Providing your body with the right foods before a workout can make a world of difference to your stamina and performance. But finding the right vegan pre-workout foods can be daunting. There are so many options (and even more opinions) when you look for advice online.
Advice on Vegan Pre-Workout Foods
If you’re interested in upping your performance during your workouts but are not sure where to start, then be sure to read on.
Food groups to focus on
There are several food groups that are packed with essential nutrients that can help you feel energized before your workout.
Let’s keep things simple and focus on two food groups that form the foundation of good pre-workout nutrition.
Carbohydrates
Carbs really are superstars when it comes to giving you that much-needed energy boost before a workout. But remember, not all carbs are created equal. When you are loading up on fuel before a workout, you will want to opt for complex carbohydrates.
Complex carbohydrates provide a long-lasting supply of energy to keep you going throughout your workout.
Examples of foods that are high in complex carbs are:
- Oats
- Sweet potatoes
- Fruit
Protein
Everybody in the fitness world knows that protein is important. But wait, if you’re a vegan, where do you get your protein from? Ah yes, every vegan’s favourite question!
There are plenty of plant-based foods that are high in protein, such as:
- Nuts
- Beans
- Oats
Protein is an important building block for your muscles and eating protein before a workout helps with muscle growth and ensures a faster recovery.
Choosing carbs and protein
There are different types of carbs and protein that all add their own benefits to the mix.
If you’re looking for some more in depth information about all the different types of carbs, protein, and micronutrients please check out this post by Alix.
Within their post, you will also find an extensive list of great pre-workout foods and their nutrition details.
Easy pre-workout vegan meal prep ideas
If you’re like me, you probably don’t want to spend an hour in the kitchen to cook up a pre-workout meal before every workout.



So, these are my tips to create the best vegan pre-workout meal with minimal effort:
Meal prep a week ahead
This will take some time at first, but will eventually save you a huge amount of time during the week.
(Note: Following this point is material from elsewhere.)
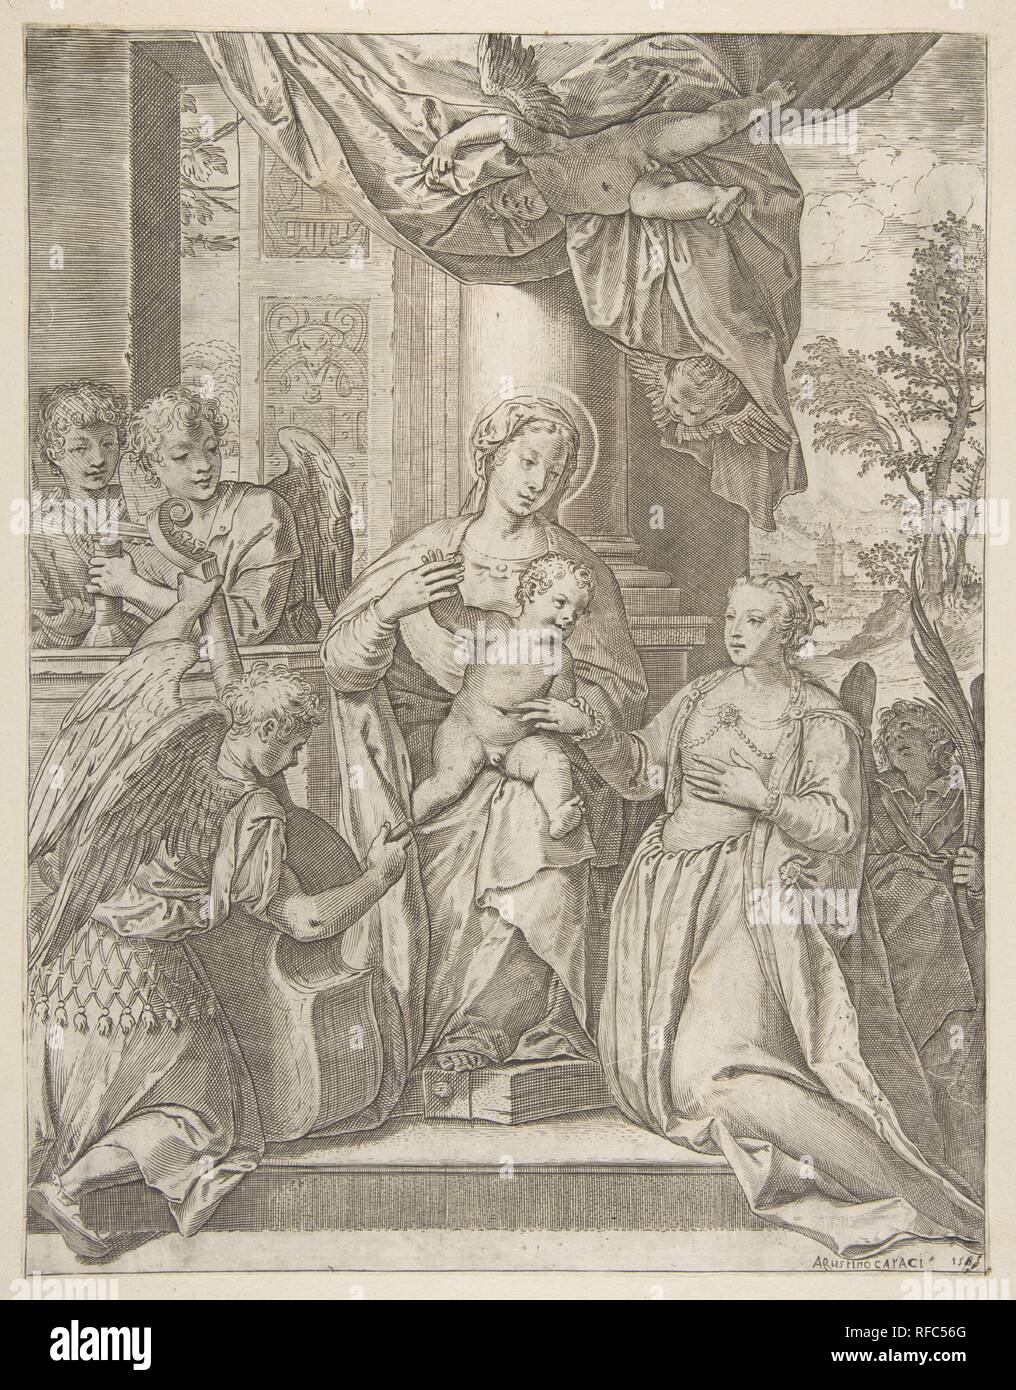 Le mariage mystique de Sainte Catherine, qui siège au centre avec l'enfant Jésus, les anges avec des instruments à la gauche. Artiste : Agostino Carracci (italien, 1557-1602) ; Bologne Parme Après Paolo Veronese (Paolo Caliari) italien (1528-1588) Venise, Vérone. Fiche Technique Dimensions : (découpés) : 11 × 9/16 8 7/8 in. (29,3 × 22,6 cm). Date : 1585. Fiche n'a été taillé à l'image. D'après le catalogue raisonné (DeGrazia Bohlin, 1979) il y a eu une inscription dans la marge que de lire "Pauli Calliari. inven' et 'Antonius Carensanus. fo'. Musée : Metropolitan Museum of Art, New York, USA. Banque D'Images

By spending an hour on Sunday prepping your pre-workout meals for the week ahead, you’ll be ready to go during the following days. This is great because it means there is no need to spend extra time in the kitchen on those busy weeknights.
Coffee
Honestly? When I didn’t listen to my own advice and didn’t do my meal prep, I find a strong cup of coffee also does the trick before a workout.
Caffeine can give you that extra kick of energy to get you going. Just be careful if you’re doing your workout late in the evening as this might contribute towards a restless night’s sleep!
Pre-workout vegan protein shake
If you’re looking for an easy vegan pre-workout meal that combines all the essential nutrients you can also consider a protein shake.
Simply mix vegan protein powder with water—or your favourite plant-based milk—and you’re ready to go!
You can also opt to use a product like Huel instead. Check out Alix’s articles about using Huel when weightlifting and this article with frequently asked questions.
Some final advice
If you’re new to the nutrition game, or are struggling with disordered eating, it can be quite stressful to try to optimize your pre-workout meals.
Please know that there are no set rules. Some people like working out on an empty stomach, while others prefer a hot meal, a strong coffee, or a shake beforehand. I definitely do not fall into that first category!
We’re all different and our bodies have different needs. Also, what we need can even change from day-to-day. The key to long-term success is to find what feels good for you!